İzmir Aliağa’da yer alan çelikhanemiz Türkiye’de alanında en yeni teknolojiye sahip üretim tesislerinden bir olma özelliğine sahip. Tesisimizde elektrikli ark ocağı ile hurdadan kütük demir üretimi gerçekleştiriyoruz. Tesisimizde Fescon sistemine sahip 100 tonluk elektrikli ark ocağı bulunuyor. Bu özel atık ısıdan geri dönüşüm sistemi sayesinde üretimde %15 ile %30 arası enerji tasarrufu sağlıyoruz.

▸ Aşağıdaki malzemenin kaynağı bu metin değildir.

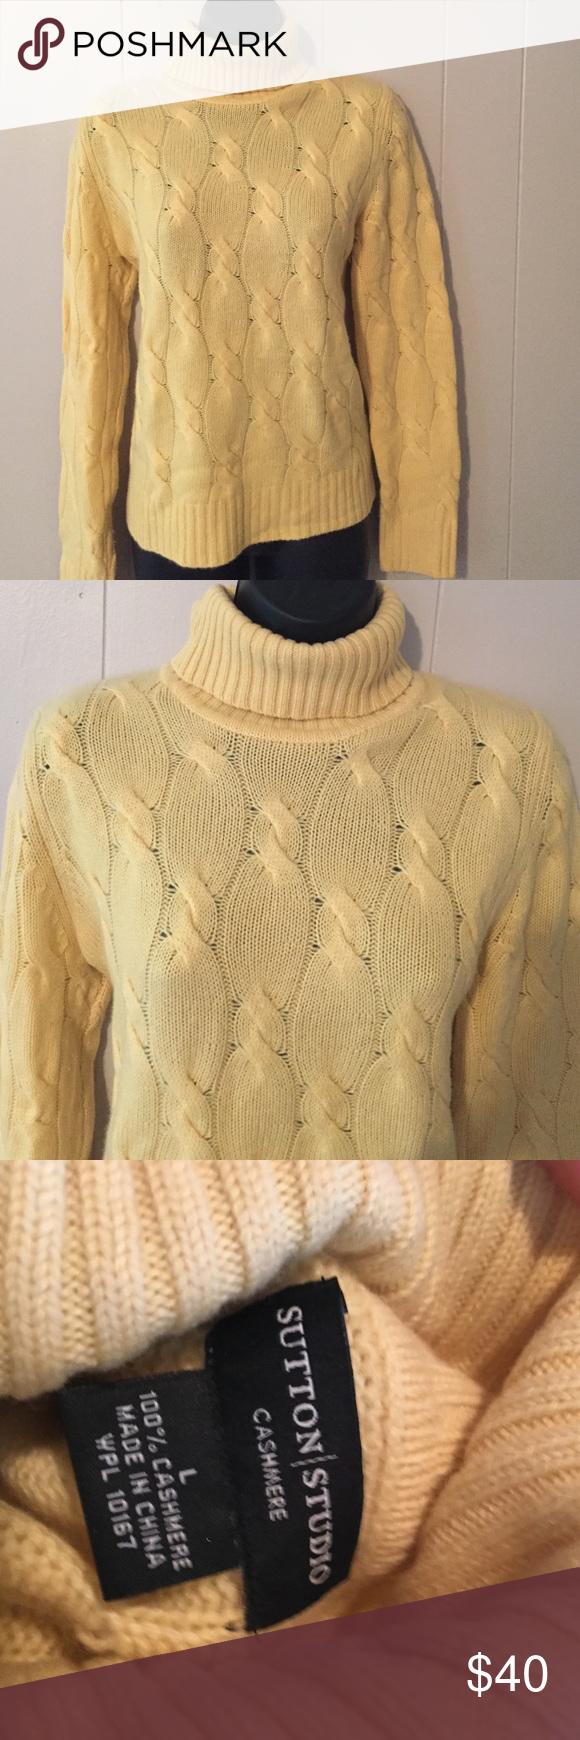 100% Cashmere Turtleneck Cable Knit Sweater NWOT. Sutton Studio ...
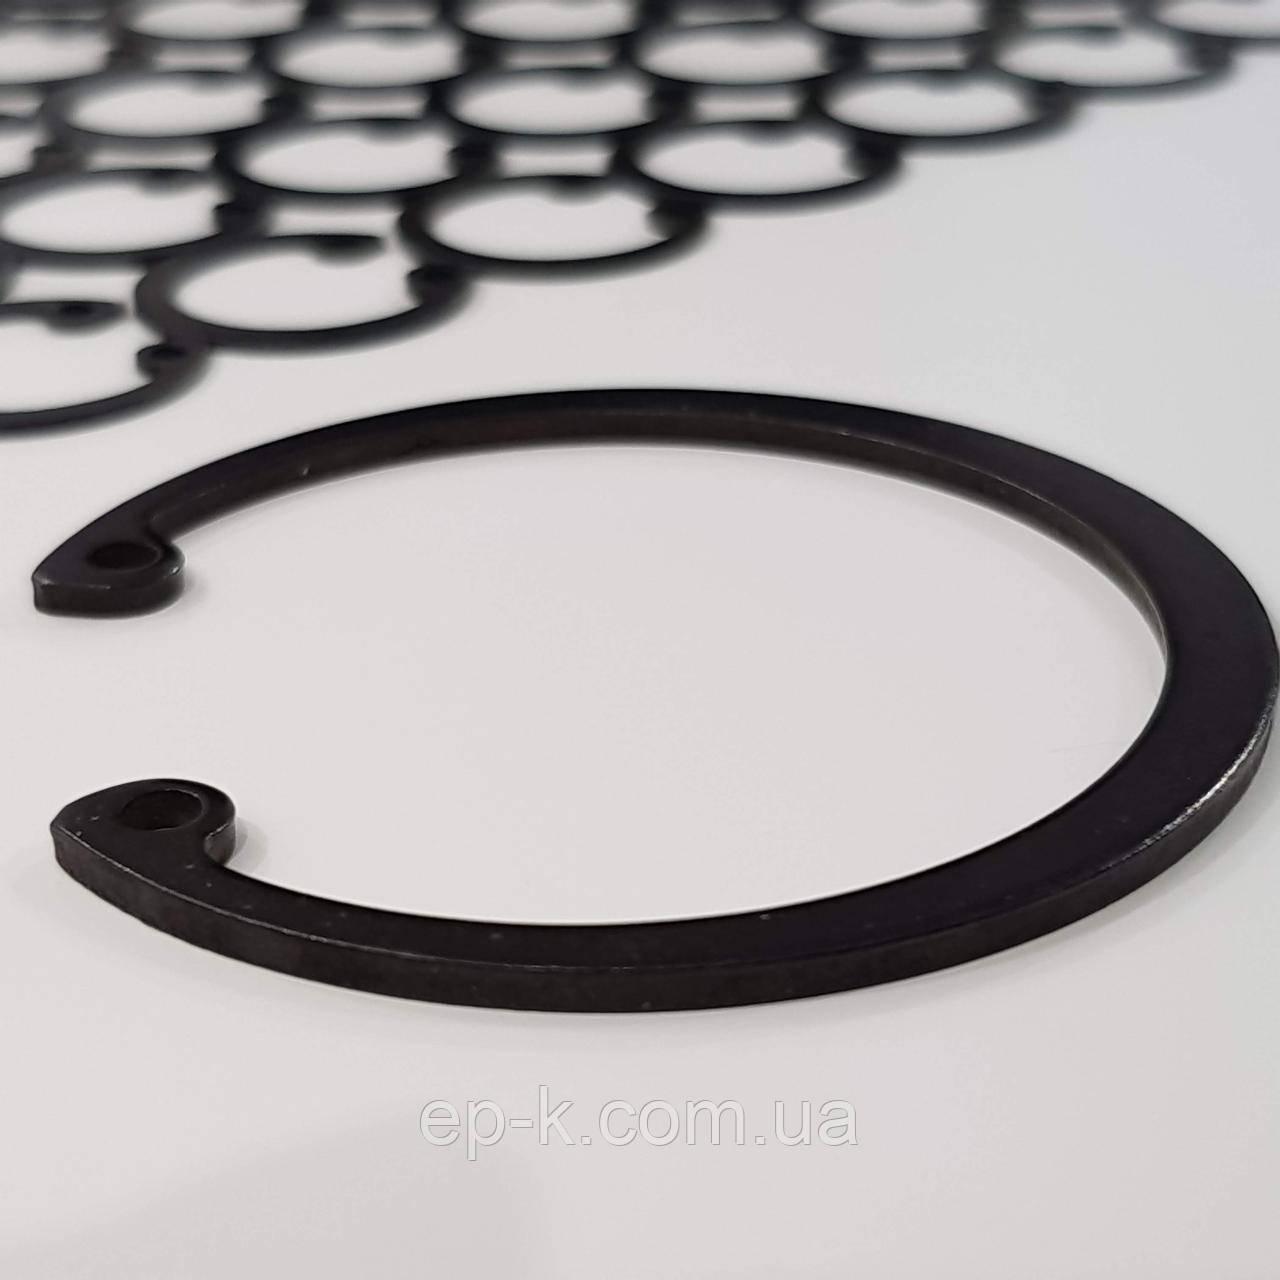 Стопорное кольцо внутреннее А130  ГОСТ 13943-86, DIN 472

Çelikhanemizdeki su tesislerinde 2 milyon Euro’luk yenileme yatırımına başladık
Karbon üretim tesisimiz yıllık 40.000 ton kapasiteyle üretime devam ediyor. Aynı zamanda 47.500.000 Nm3/yıl Gaz Oksijen, 26.000.000 Nm3/yıl Gaz Azot ve 1.380.000 Nm3/yıl Gaz Argon kapasiteli hava ayrıştırma tesisine sahibiz. Çelikhane Tesisimiz Çevresel Etki Değerlendirme (ÇED) iznine sahip olmanın yanı sıra uluslararası akredite kuruluş TÜV Austria aracılığıyla karbon ayak izi hesaplamalarını yaptırmış ve karbon ayak izi raporlarını almıştır. Kısa süre önce çelikhanemizdeki su tesislerimizde 2 milyon Euro değerinde yenileme yatırımına başladık. Bu yatırım sonucu yıllık 9.547.773,50 kWh potansiyel enerji tasarrufu elde etmeyi hedefliyoruz.
“Enerjide bağımsız hale gelmeyi amaçlıyoruz”

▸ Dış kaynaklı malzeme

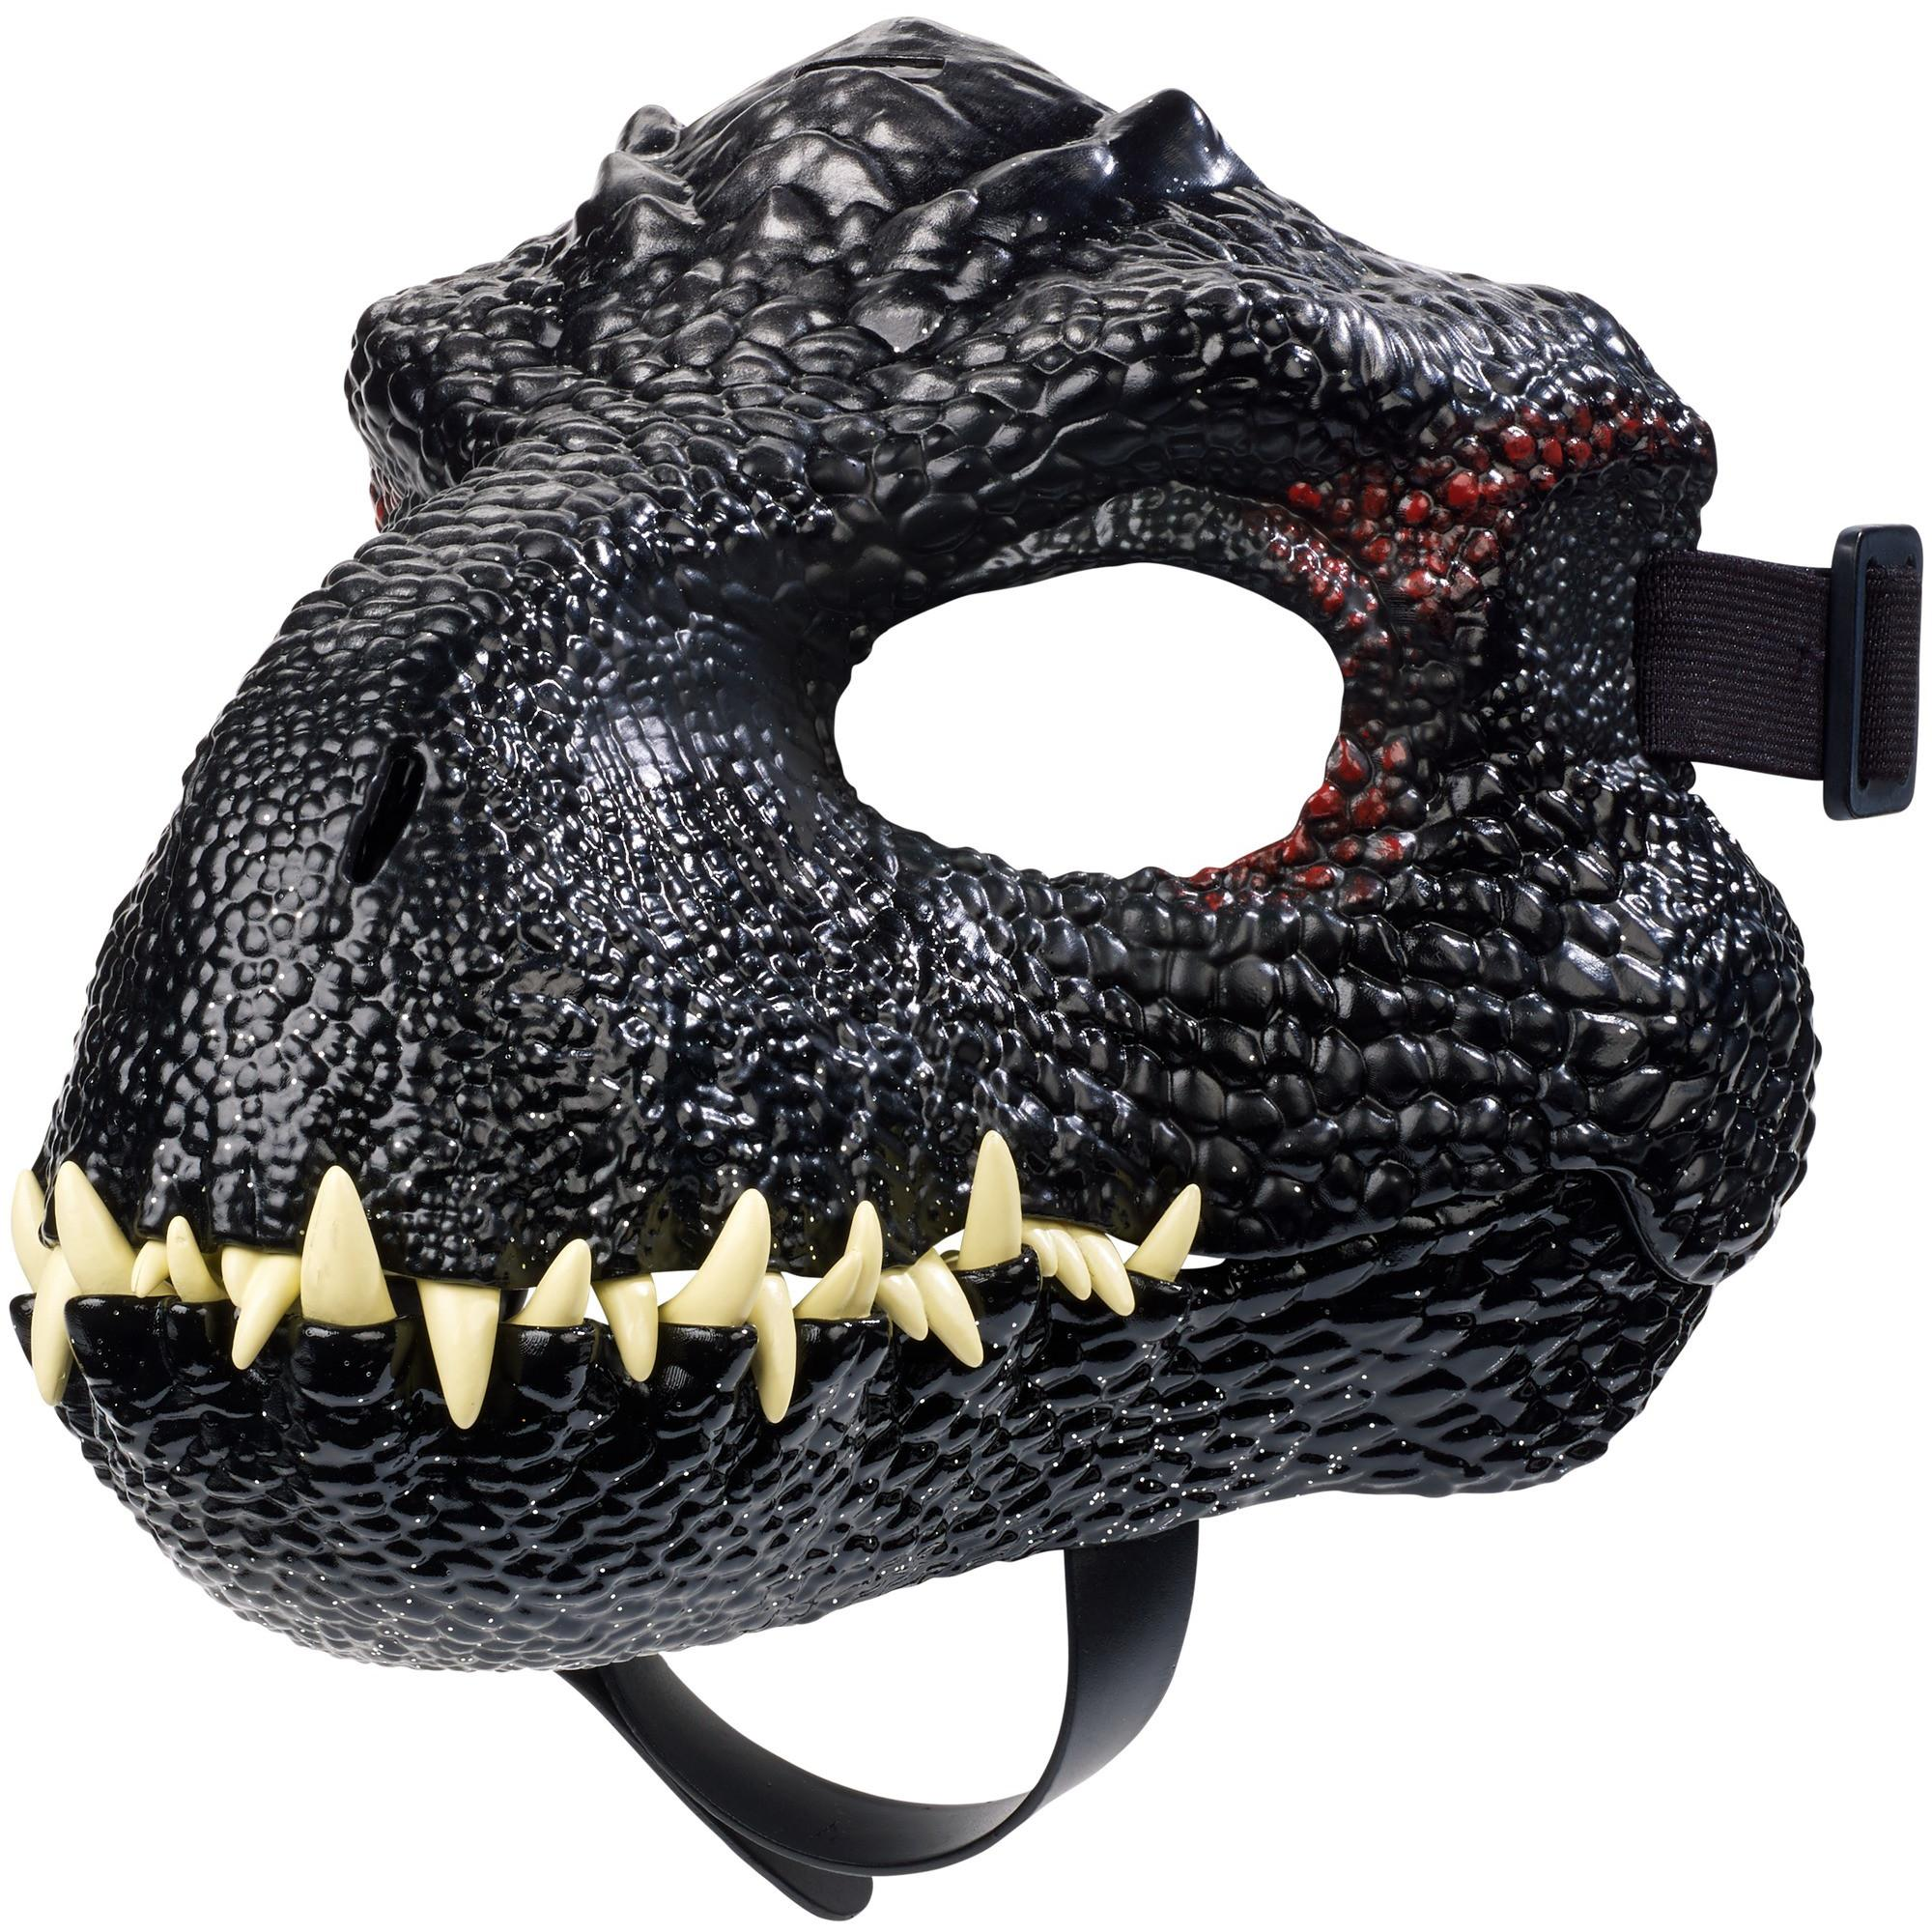 Jurassic World Indoraptor Mask

Önümüzdeki dönemde hayata geçireceğimiz yeni enerji projelerimizle toplam kurulu gücümüzü artırmayı hedefliyoruz. Bu projelerimiz arasında; GES, RES ve atık ısı yatırımlarımız bulunuyor. Hacı Ömerli’de 2 MW büyüklüğünde GES ile beraber her biri 1 MW büyüklüğünde iki farklı atık ısı dönüşüm yatırımımız mevcut. Çelikhane tesisimizin bulunduğu arazide 10,80 MW büyüklüğünde ve Hacı Ömerli’de 3,60 MW büyüklüğünde iki farklı RES hayata geçirmeyi hedefliyoruz. Ayrıca Bozyaka RES ve GES santrallerimizden oluşan 9 MW büyüklüğünde hibrit enerji santrali projemiz de bulunuyor. Bu yatırımlarımız sayesinde üretimde ihtiyacımız olan elektrik ihtiyacını kendi ürettiğimiz yenilenebilir enerjiden karşılayarak sürdürülebilirlik hedeflerimize ulaşmayı ve enerjide bağımsız hale gelmeyi amaçlıyoruz.
. . .
İçerik sadece atıfta bulunularak yayınlanabilir:
Sivas İş Dünyası. Editöryal görüş, yazarın
görüşüne aykırı olabilir.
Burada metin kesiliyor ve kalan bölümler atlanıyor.